First Amendment Advocate, Vol. 5, No. 1, August 2004
The Newsletter of the Oklahoma Chapter of Americans United
Religious Liberty: America's Sacred Ground
By Dr. Bruce Prescott
Barbara McGraw in her recent book, Rediscovering America’s Sacred Ground: Public Religion and Pursuit of the Good in a Pluralistic America, does a magnificent job of explaining the morality underlying the First Amendment of the U.S. Constitution.
She traces the roots of religious liberty back to John Locke, uncovers his theology, highlights the value of social contract theory, underscores the role of individual conscience, and emphasizes the need to find “just bounds” between religion and the state.
She provides a much needed corrective to the thought of Alsdair MacIntyre and others who view Locke’s thought, and the First Amendment, as products of “autonomous individualism” and an outmoded “enlightenment rationalism.” McGraw’s critique of the thought of church-state accomodationists like Stephen Carter is equally valuable.
Most valuable is her conception of a two-tiered public forum and the distinction she makes between civic and conscientious morality.

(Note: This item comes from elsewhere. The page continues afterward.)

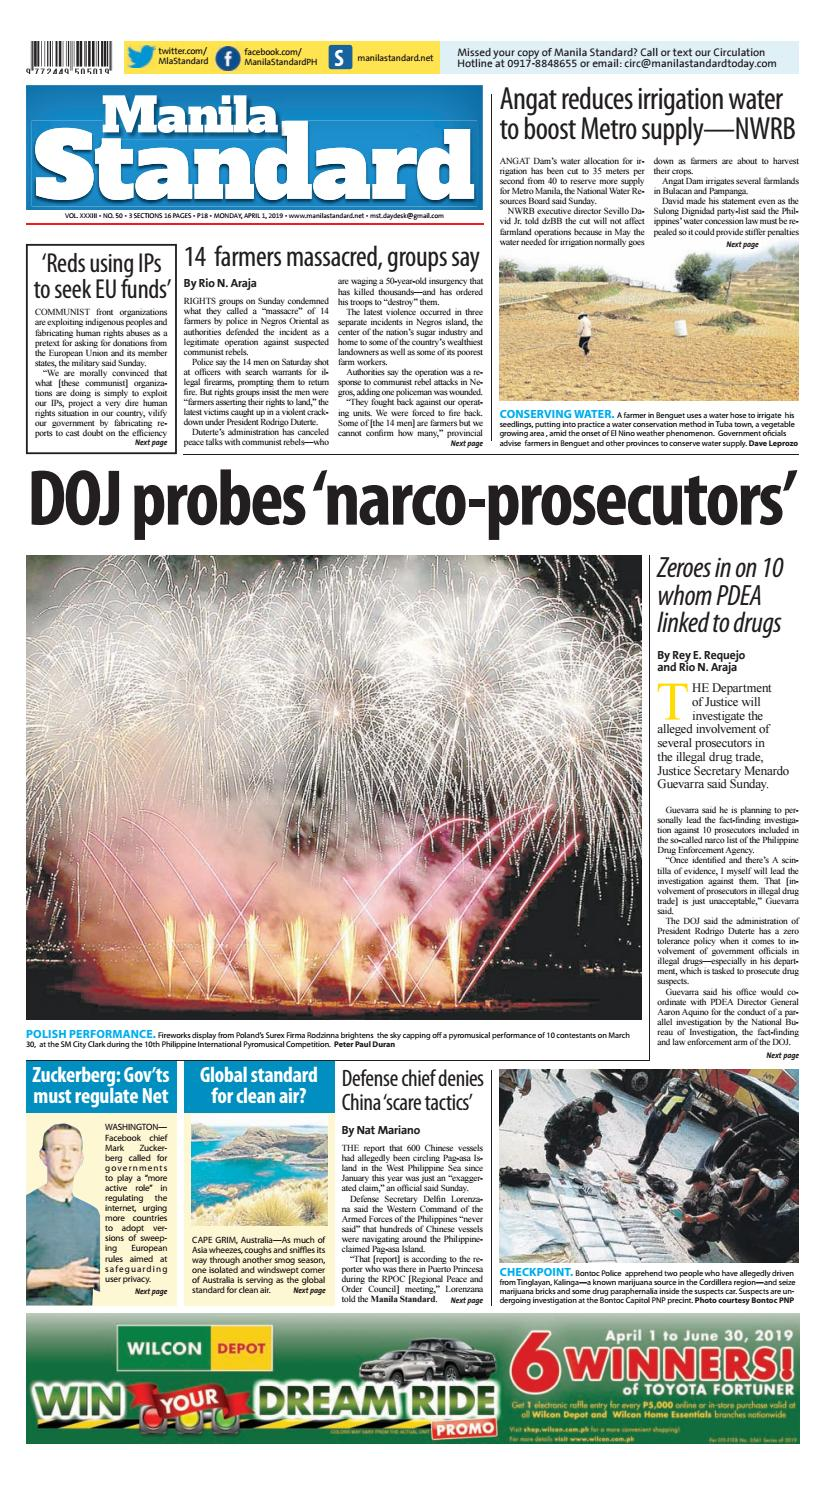 Manila Standard pdf April 1, 2019 issue by Manila Standard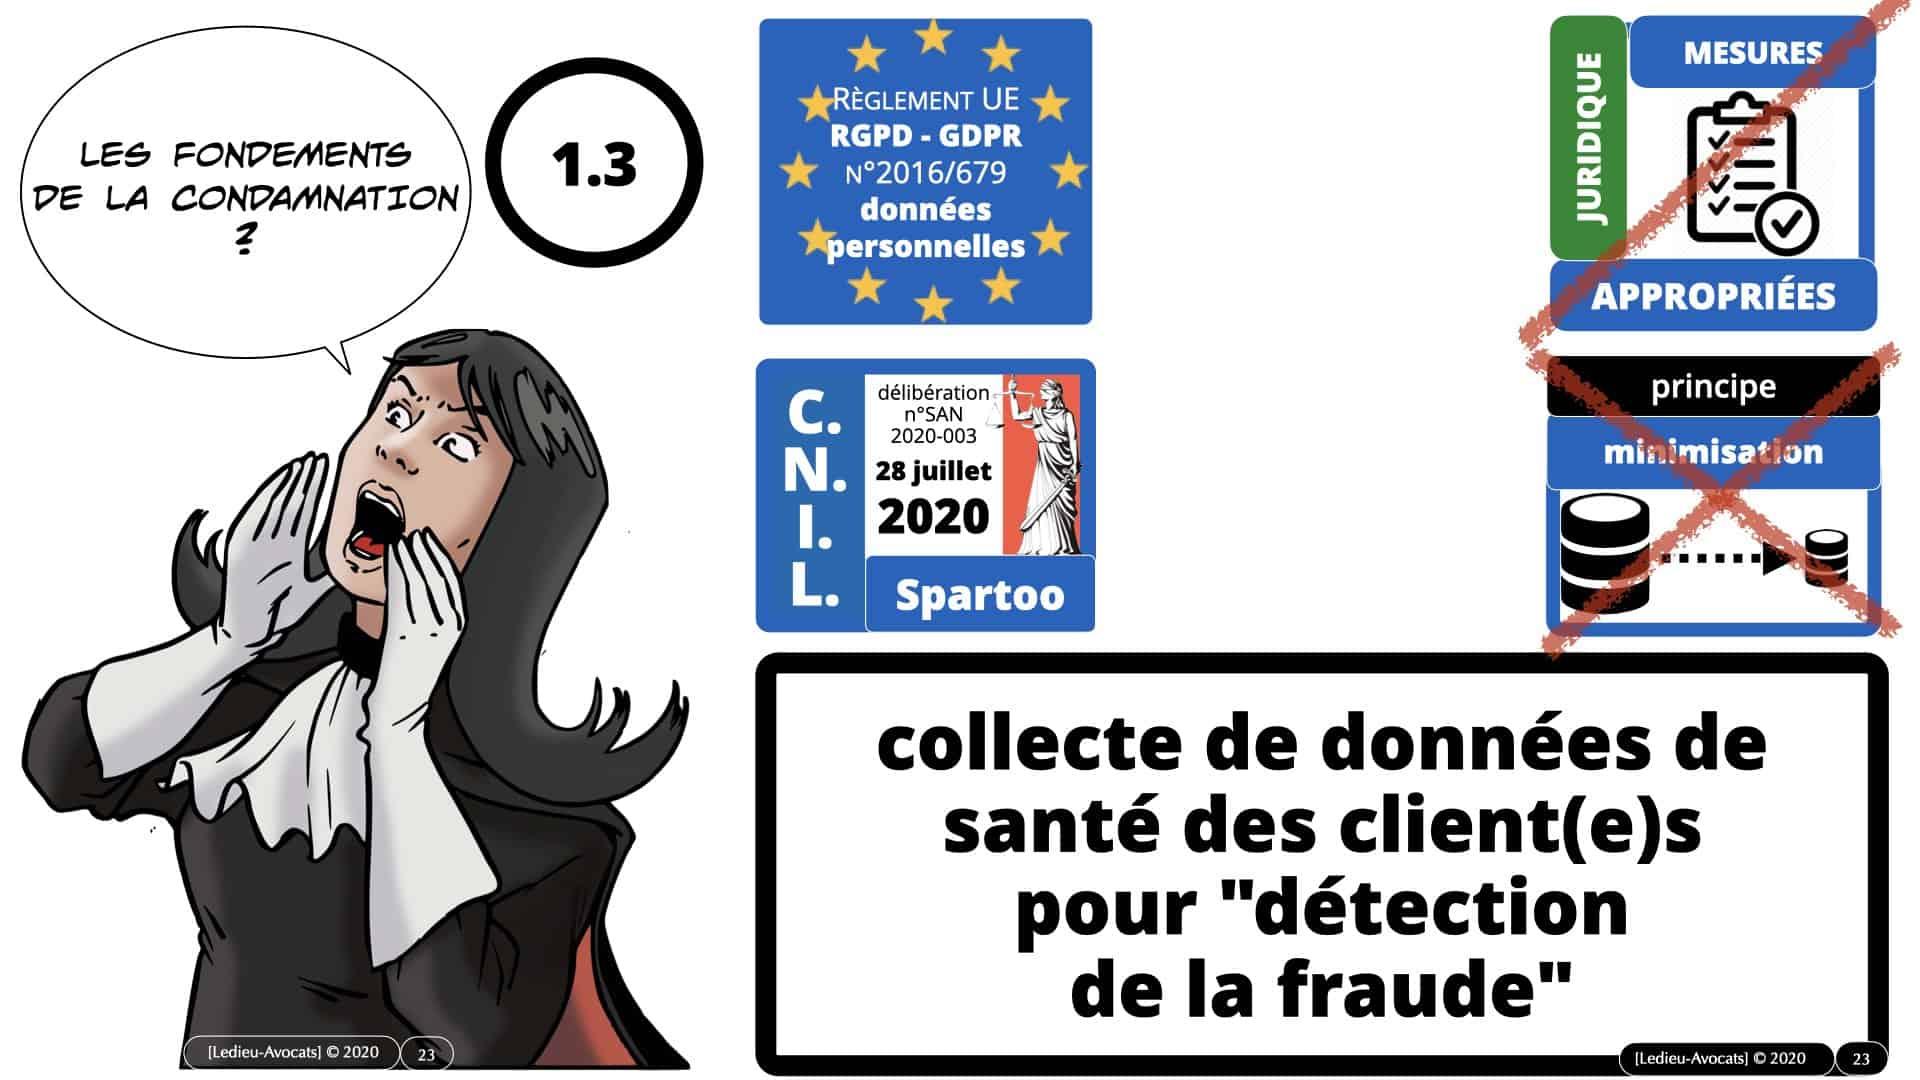 RGPD délibération CNIL Spartoo du 28 juillet 2020 n°SAN 2020-003 MOTIF 03

The morality of the civic public forum preserves by force of law the “sacred ground” that is necessary to preserve a just and equitable pluralistic society with religious liberty for all. The morality of the conscientious public forum is preserved by persuasion, not by force of law, as diverse individuals and groups promote their competing visions of the common good.
The book’s shortcomings derive from neglect of the religious liberty advocacy prior to Locke, mostly Baptist, which probably influenced him. Neither Roger Williams’ and John Clarke’s acquisition of religious liberty for Rhode Island nor John Leland and Virginia Baptists role in securing the First Amendment were mentioned. Much is there that could strengthen valuable arguments she made relying on other sources.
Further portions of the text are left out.